Aspell output parsing for Swedish
mmetayer opened this issue · 2 comments
Hello,
I encounter an error while parsing the output of Aspell for Swedish sentences with words containing a colon (:
) - in Swedish and Finnish, words can contain colons, see https://en.wikipedia.org/w/index.php?title=Colon_(punctuation)
here is the output of aspell:
$ aspell --lang=sv --encoding=UTF-8 -a
@(#) International Ispell Version 3.1.20 (but really Aspell 0.60.7-20110707)
S:t Petersburg är i Ryssland
& S:t 23 0: St, Set, Sot, Söt, Stl, Stå, Sy, Ät, Åt, Est, Ost, Öst, SI, SM, TT, Sa, Se, Sk, So, Så, Ut, Yt, SJ
? Petersburg 0 4: Peters
*
*
*
The issue comes from here: as there is more than one colon in the line, the $parts
contains more than 2 elements, and at line 192, $parts[0][3]
is not set, resulting in a notice, and even a fatal error if strict_types is enabled (PHP Fatal error: Uncaught TypeError: trim() expects parameter 1 to be string, null given
).
I guess a regexp would be more suitable in this case, I can try to do a PR if needed (though I'm not sure how to implement the tests yet...)
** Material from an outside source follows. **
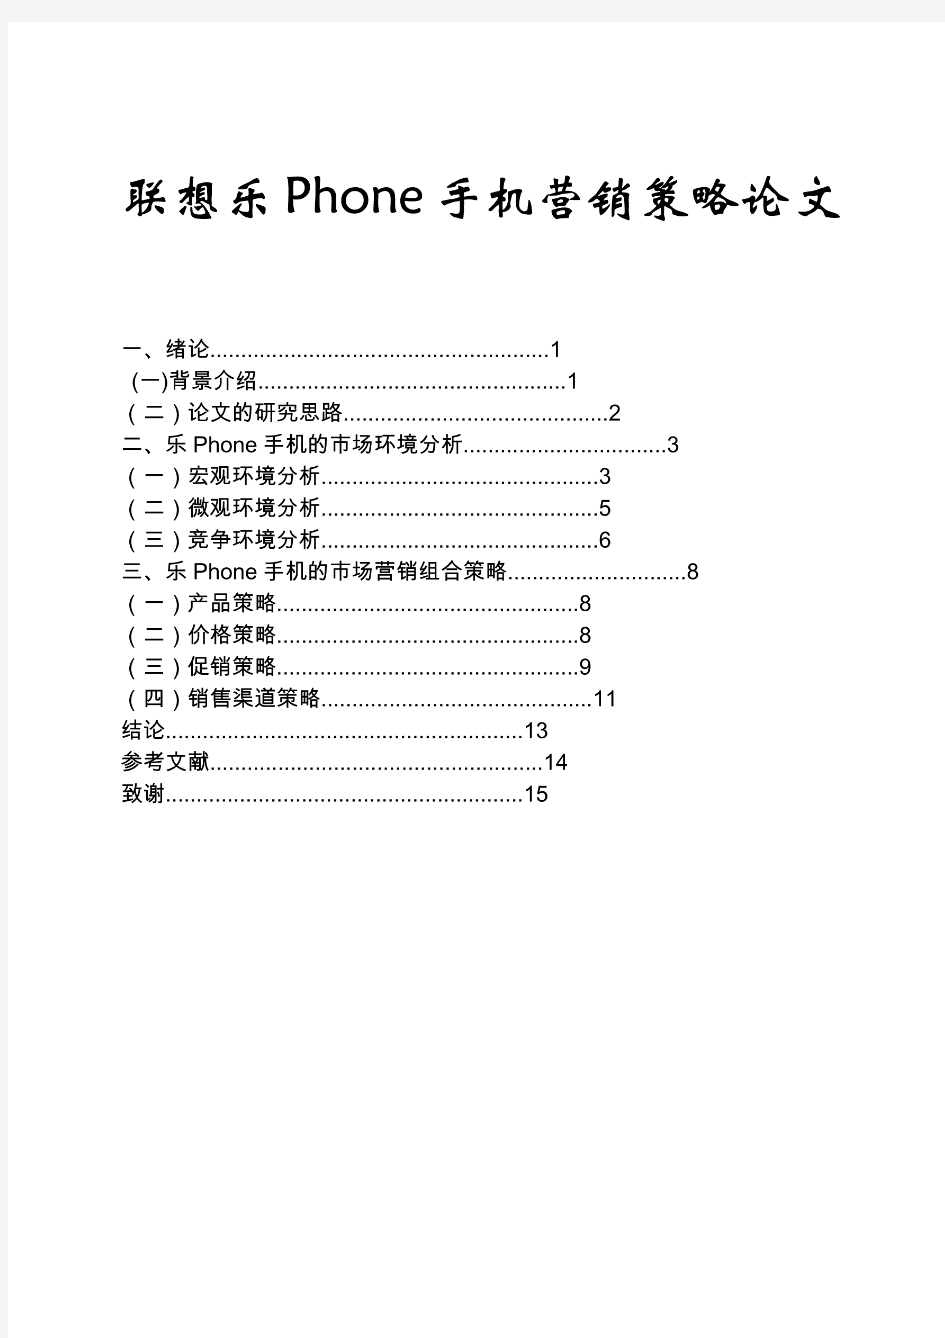 联想乐Phone手机营销策略论文

Hi @mmetayer thanks for reaching out.
Well this was unexpected. Today I learned that colon
is not a good separator ;)
Would be nice if you try to create a fix for this. I am happy to give some tipps on how to add tests for this case in the PR 👍
Thanks for your reactivity @icanhazstring , I'll try to do a PR as soon as I have time, hopefully this evening 🙂